What kind of advice might you have for people to appreciate or celebrate physical difference of their own or other people? One of the main differences that can be upsetting is the assumption of inability. I think one of the greatest gifts that anyone can do for people who are different is giving them the benefit of the doubt and not assuming they need help or that they can’t do something. Letting them be autonomous individuals and knowing that they might do something differently, they might do

something more slowly – they may need help here and there, but they will ask for that.

I have a friend who is blind, and one day when he was at a bus stop someone said to him, “Wow, good for you for going outside”. In his head he was like, “I’m going to my job, I’m a lawyer.” He has such a rich and beautiful life, but the perception is that there is such a lack of ability to have a normal fulfilled life.

I think doing work on ourselves and our own assumptions around disabilities is the most beautiful thing you can do for anyone you meet. Most of the people I meet are great, but once in a while you get somebody who is like, “I’m going to pray for you, it must be so hard for you to find a husband.” And I’m just like, first of all I’m gay, second of all go away. But I think doing your own inner work and examining your own assumptions about difference and disabilities is the most incredible gift you can give to the world.

Have you always loved your body and been at peace with your body image? There have been a couple times in my life where I was quite angry that I was born like this, with one hand. Very rarely though. There was a time in junior high where I saw a video of myself doing a dance choreography and then I realised how different I looked and I got really angry and I cried with my mom. But it was like 24 hours of horrid sadness, then I was fine.

Later in life, leading to my depression diagnosis my sister recalled there was a period of time where I used to hide my arm. Which is so unlike me, but I think my mental health affected everything about me and how I perceive myself. I would hide it or make little comments like, “Oh no I can’t, because I have one hand.” Things that I just don’t say. I think it was a dark time for me anyway, but I think those two times were the worst.
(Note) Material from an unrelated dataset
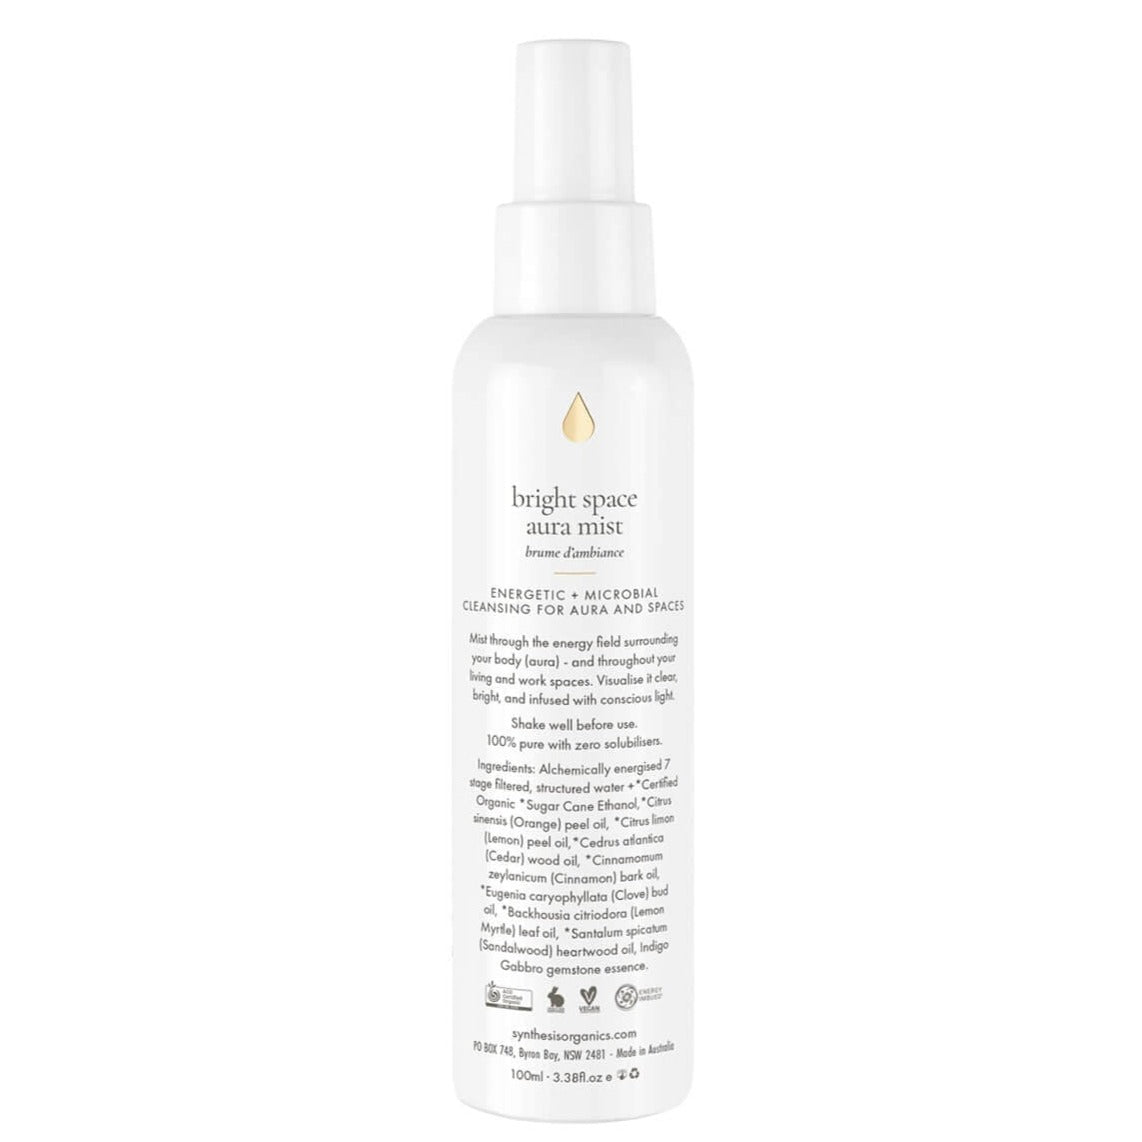 Bright Space Aura Mist Other Synthesis Organics

Otherwise, I had a great upbringing. My parents were so good – they helped me practise what to say to people about my hand. I felt very prepared. My baby sister loved my arm and she would play with it when we were little, so I was lucky to have a sense of body awareness and body love from the very beginning.

What are your plans for Stump Kitchen going forwards? More of the same! More cooking, more meeting people, more joy. I’d like to do more collaborations on my channel, with vegans and people with limb differences. I’d like to travel and take Stump Kitchen further afield, but that depends on my resources. And maybe in the future when I retire from YouTube, I’d like to set up a restaurant. But right now, I feel very lucky doing what I do.